Behnam Ben Taleblu, a senior Iran analyst with the Foundation for Defense of Democracies, told JNS.org that Netanyahu “laid out the situation on Iran pretty well for his call to ‘fix it or nix it.’”

“There is a way to fix the Iran deal, and the way to do it is actually use the U.N. system and use Iran’s track record of bad behavior under the deal,” he said. “It’s the track record of being a maligned player in the region, which Trump and Netanyahu both referred to, to get this leverage with the Europeans to renegotiate it.”

Trump administration strategy

Last week, the Trump administration extended sanctions relief for Iran, but left open the possibility that it may not certify Iran’s compliance with the deal at the mid-October deadline.

However, administration officials, and even Trump on Twitter, has discussed the decertification of the Iran nuclear deal as an option. Under U.S. law, the president must certify to Congress every 90 days that Iran is in compliance with the deal. If the president does not certify their compliance, Congress could reimpose sanctions that were originally lifted, effectively ending the U.S.’s participation in the agreement.

Ben Taleblu said there has been a remarkable amount of consistency within the administration on not telegraphing its options on Iran.

“Despite all the talk about decertification and the October deadline, they have also done a good job at cultivating the ambiguity and uncertainty of what actually will happen,” he said.

Ben Taleblu believes the Trump administration should leverage the uncertainty over what will happen in October to get European allies on board with their future policy, while also preventing Iranian President Hassan Rouhani from driving a wedge between the U.S. and Europe on the nuclear deal.

“Europe is already eager to engage with Iran on the business front. The Trump administration needs to prevent Europe from being wooed by Iran and reject the charm offensive by Rouhani,” he said.

The Trump administration, according to Ben Taleblu, needs to “prevent the transatlantic community from being split, and working within the confines of international forums like the U.N., to develop a unified interpretation of the deal, with all its problems and pitfalls, and use that to vigorously enforce the deal and eventually set a predicate to renegotiate the deal.”

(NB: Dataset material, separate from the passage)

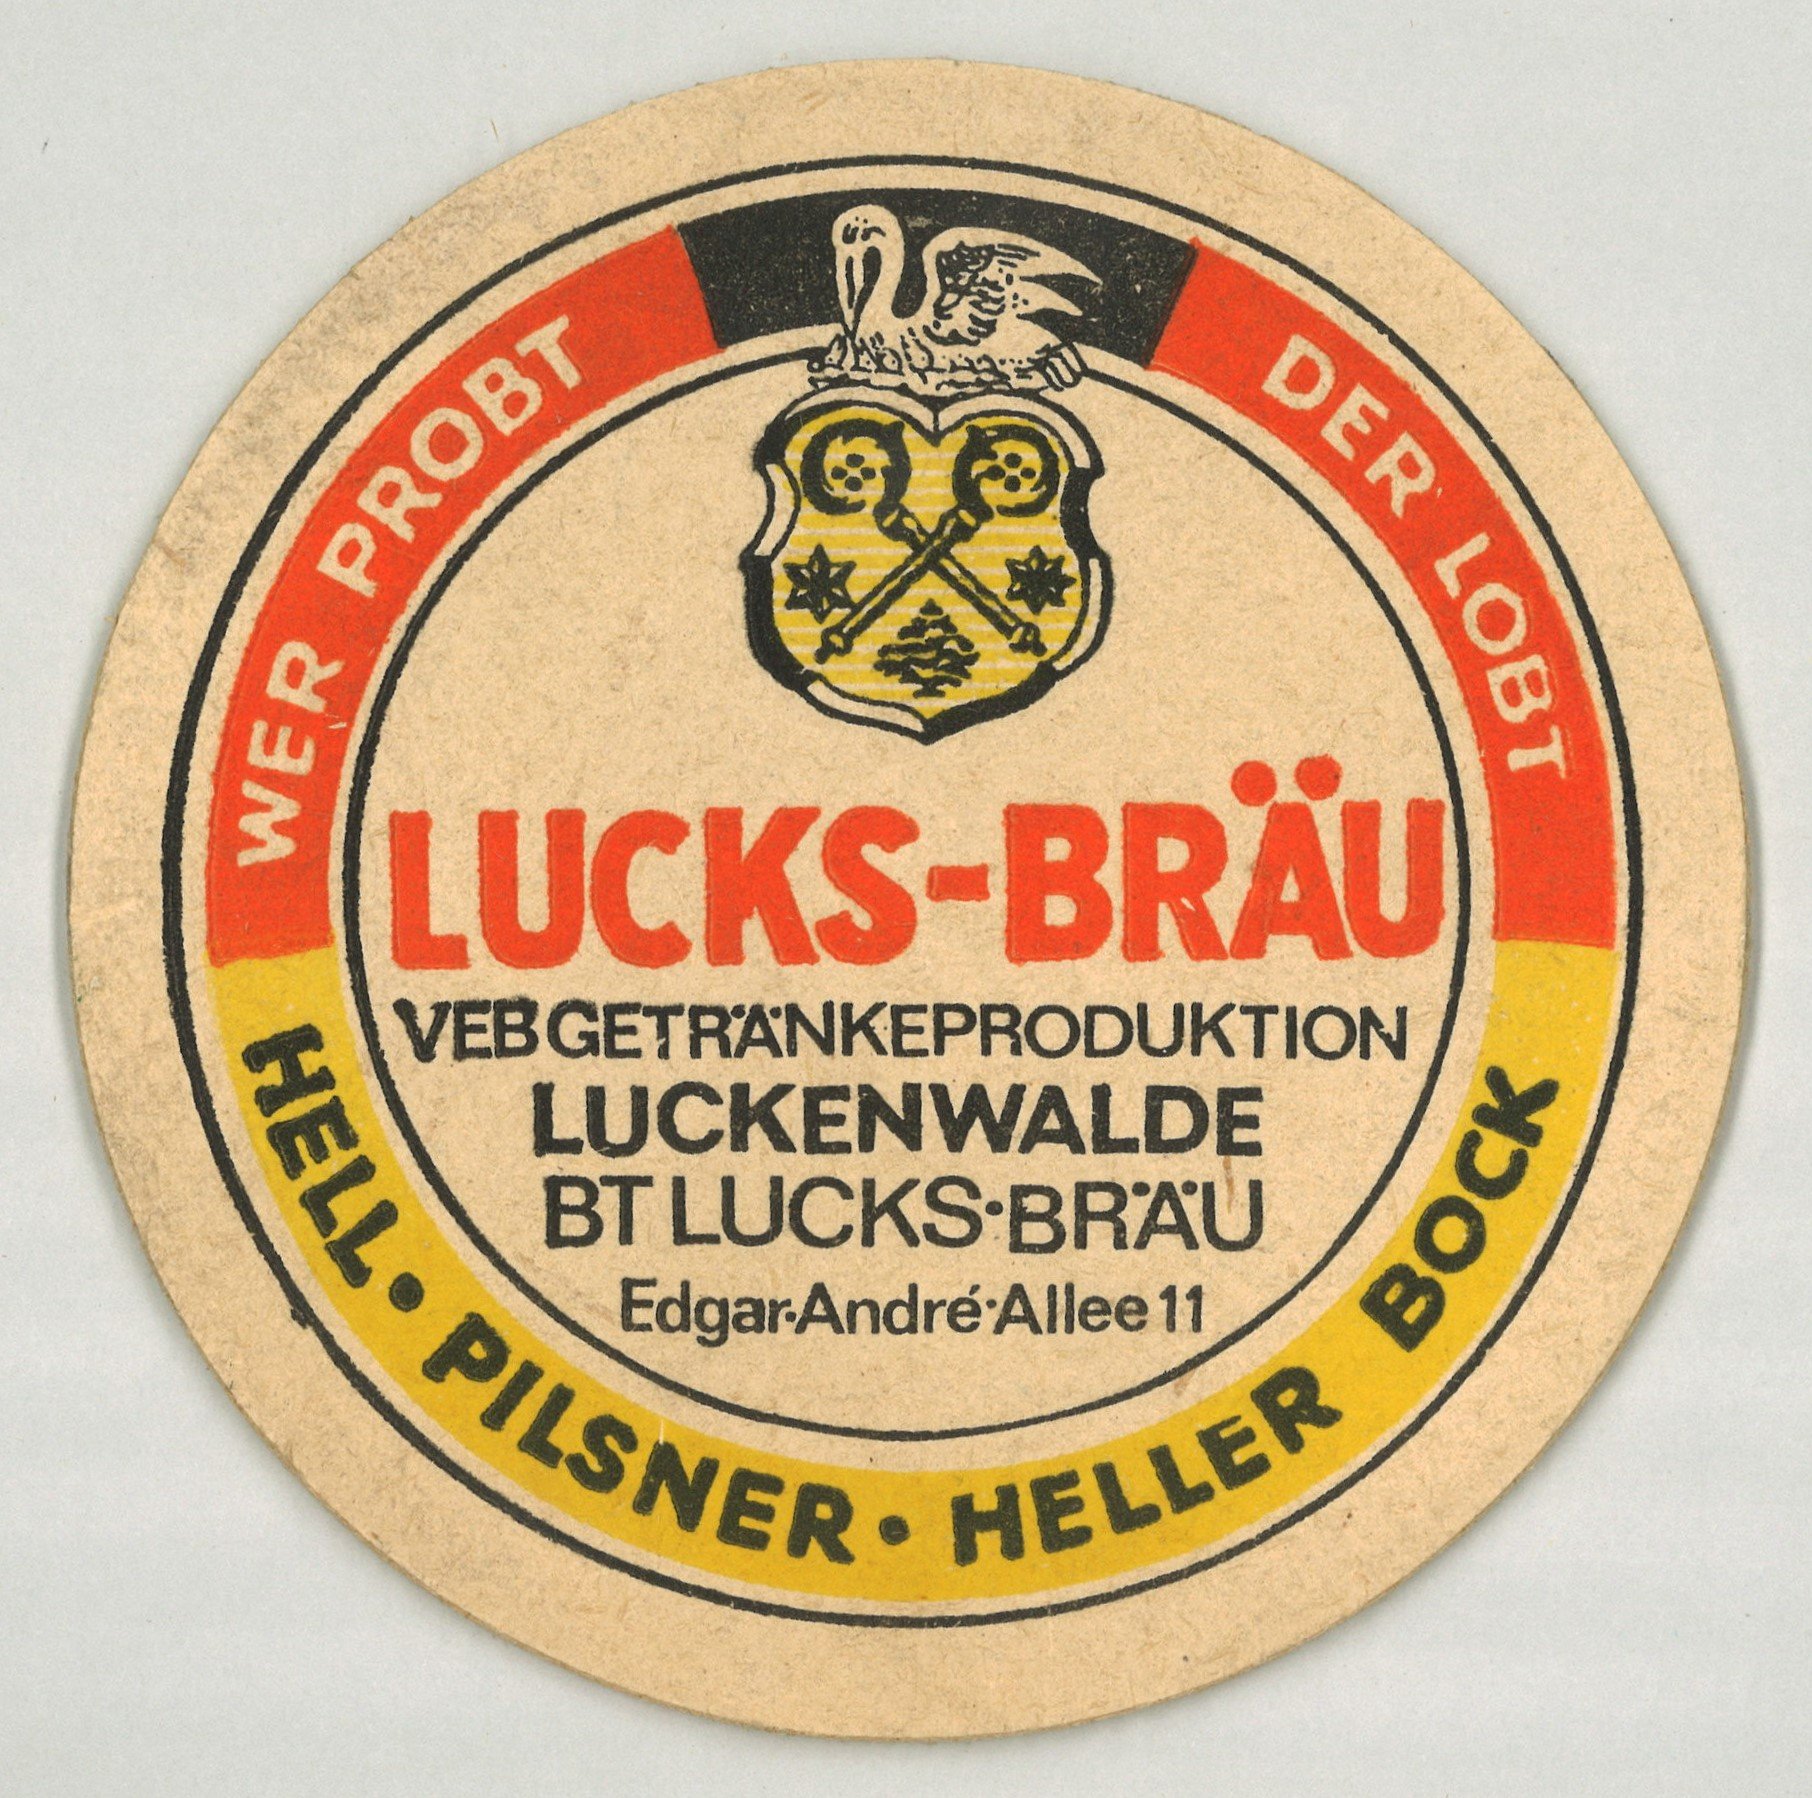 Luckenwale: VEB Getränkeproduktion Luckenwalde, Betriebsteil Lucks-Bräu (Landesgeschichtliche Vereinigung für die Mark Brandenburg e.V., Archiv CC BY)

‘Sunset clauses’ in the Iran deal

In an interview following Trump’s speech, Secretary of State Rex Tillerson told Fox News that the so-called sunset clauses, which allow for key restrictions on Iran’s nuclear program to expire over time, were of particular concern.

“If we’re going to stick with the Iran deal there has to be changes made to it. The sunset provisions simply is not a sensible way forward,” Tillerson said. “It’s just simply... kicking the can down the road again for someone in the future to have to deal with.”

Tillerson’s comments echoed that of Netanyahu’s, who slammed the sunset clauses in the nuclear deal in his U.N. speech.

Netanyahu told the world body that “when that sunset comes, a dark shadow will be cast over the entire Middle East and the world, because Iran will then be free to enrich uranium on an industrial scale, placing it on the threshold of a massive arsenal of nuclear weapons.”

In his address, Trump did not mention the sunset clause, but suggested concern over it.

Despite forcefully urging the U.S. to stay in the Iran deal, French President Emmanuel Macron expressed some concern over aspects of the agreement in his U.N. speech.

“Let’s be stricter, but let’s not unravel agreements that have already brought security,” Macron told the U.N. Tuesday.

Notably, Macron pointed out a few flaws of the deal, including the sunset clauses, which “could be an opportunity for the Trump administration to build a bridge to Europe and develop a coherent policy around those issues,” Ben Taleblu said.

“Even though Europe has been against renegotiating the deal, some comments from European leaders, such as Macron, give me some cautious optimism for the Trump administration to go about creative ways in fixing the nuclear deal.”